> AIM OF THE TASK:
Copy the data precisely, character for character, and leave out every picture.

> DATA PROVIDED:
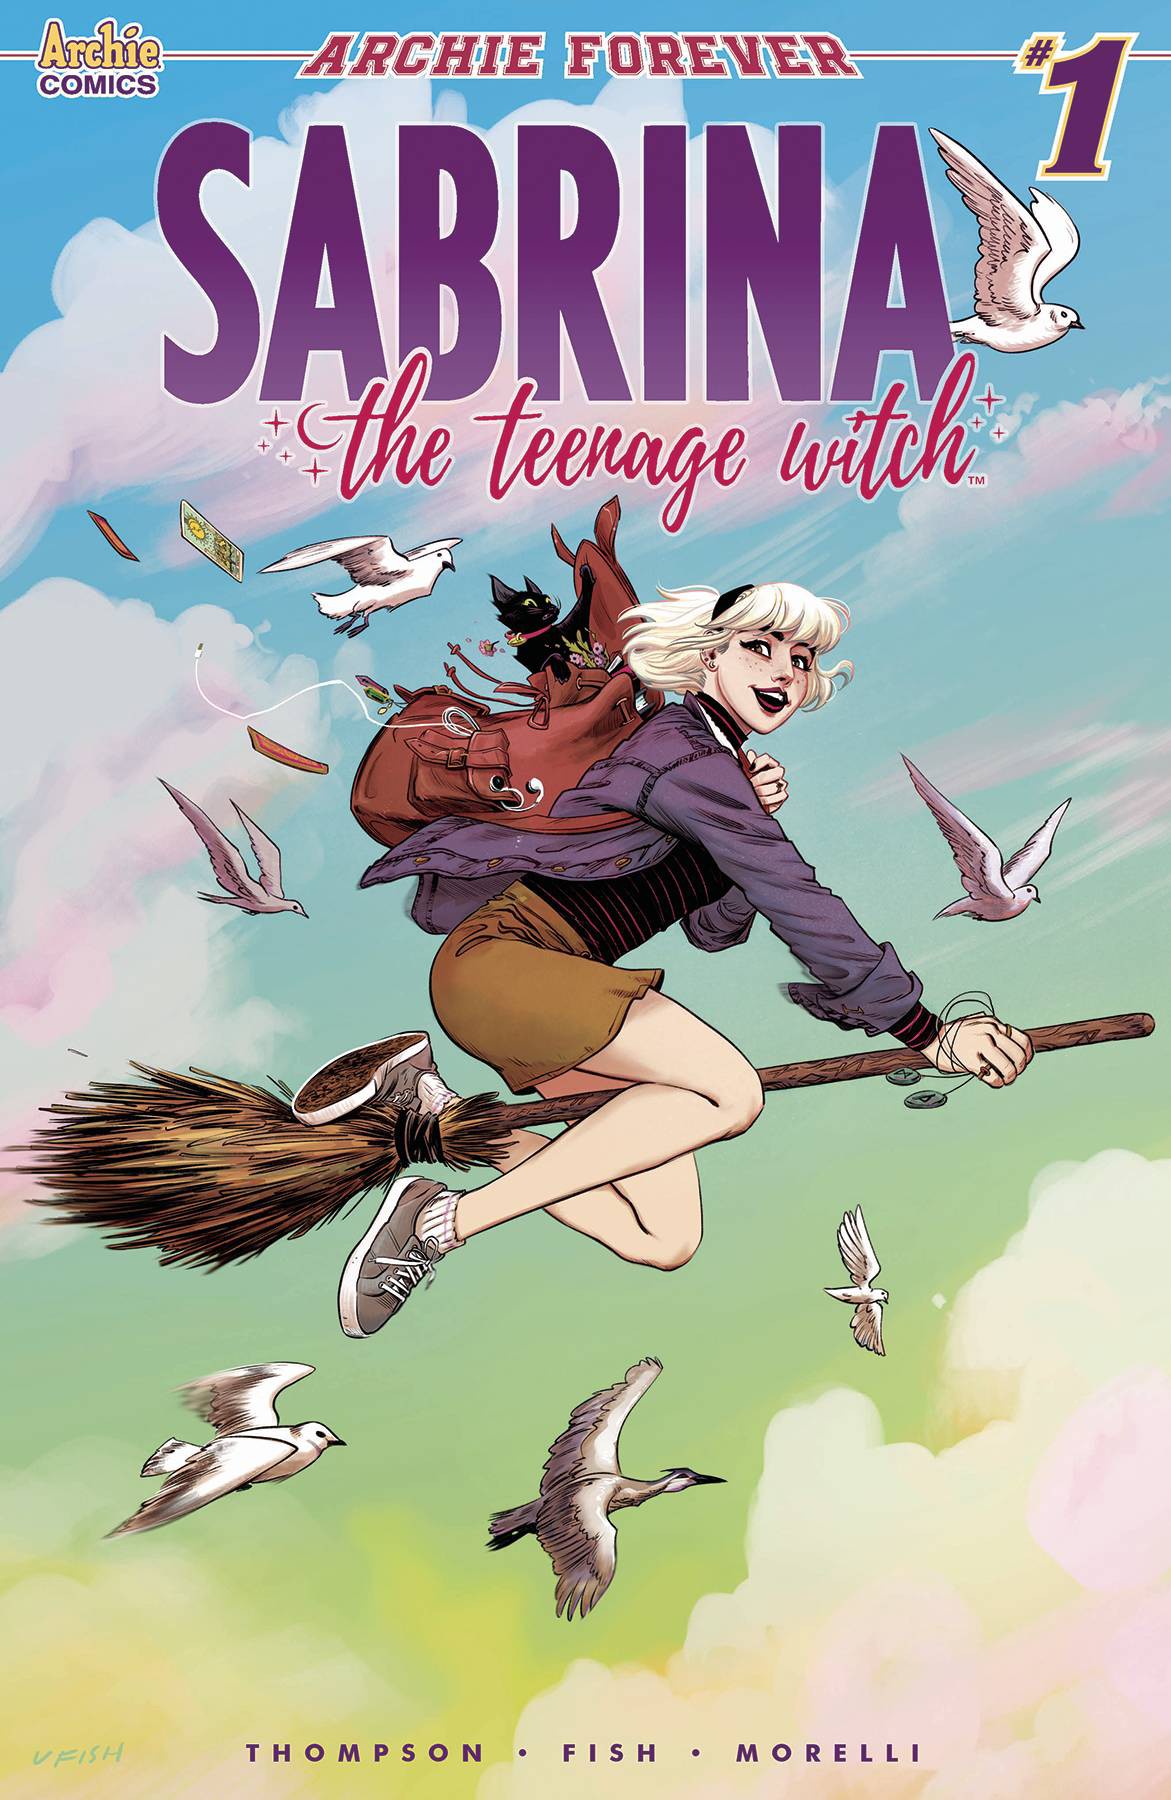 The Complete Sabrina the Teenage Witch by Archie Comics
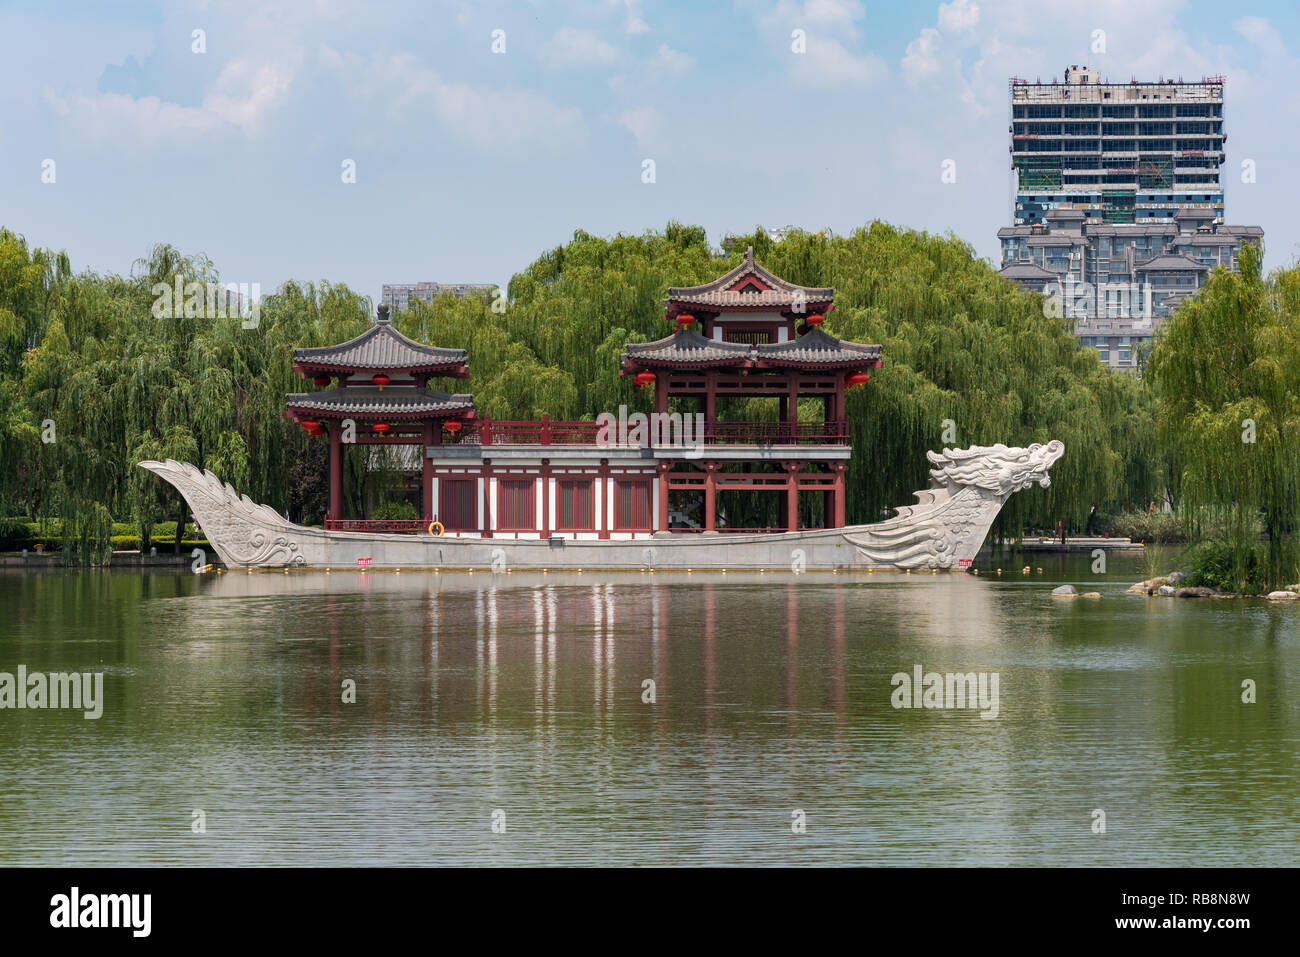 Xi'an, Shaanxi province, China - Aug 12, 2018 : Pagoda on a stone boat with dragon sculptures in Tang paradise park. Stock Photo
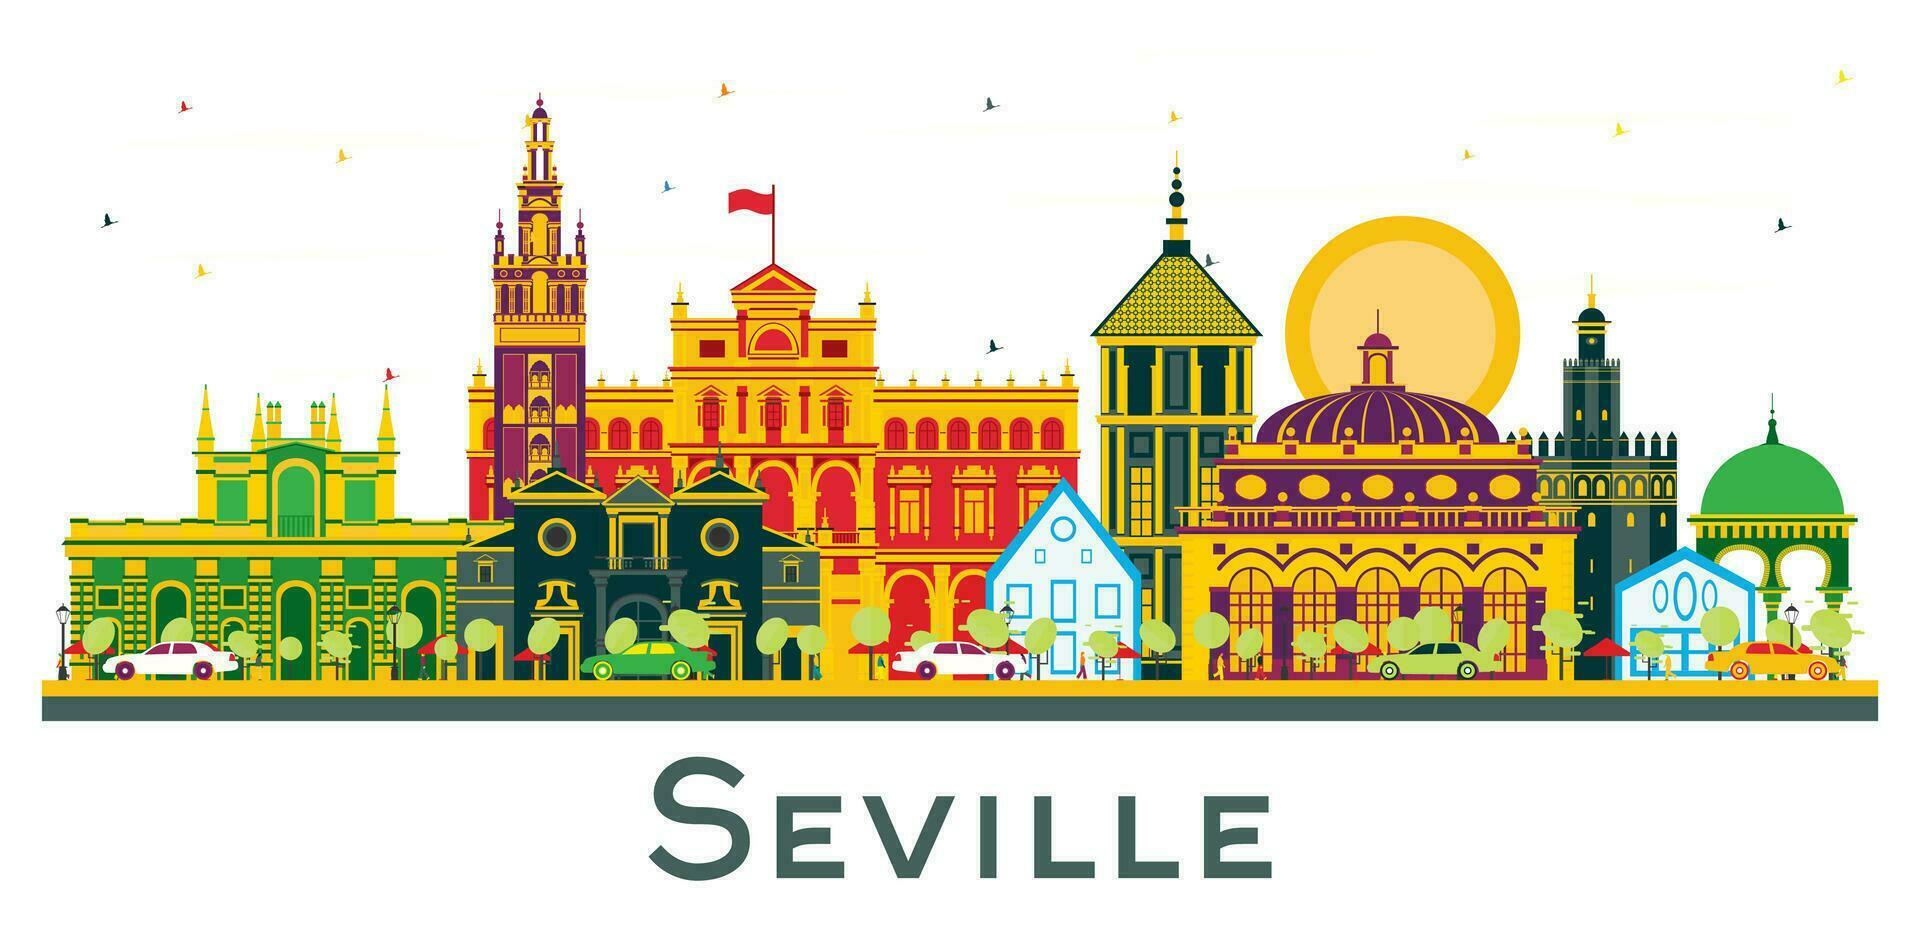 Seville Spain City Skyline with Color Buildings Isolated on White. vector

> RESPONSE:
 The Complete Sabrina the Teenage Witch by Archie Comics
 Xi'an, Shaanxi province, China - Aug 12, 2018 : Pagoda on a stone boat with dragon sculptures in Tang paradise park. Stock Photo
 Seville Spain City Skyline with Color Buildings Isolated on White. vector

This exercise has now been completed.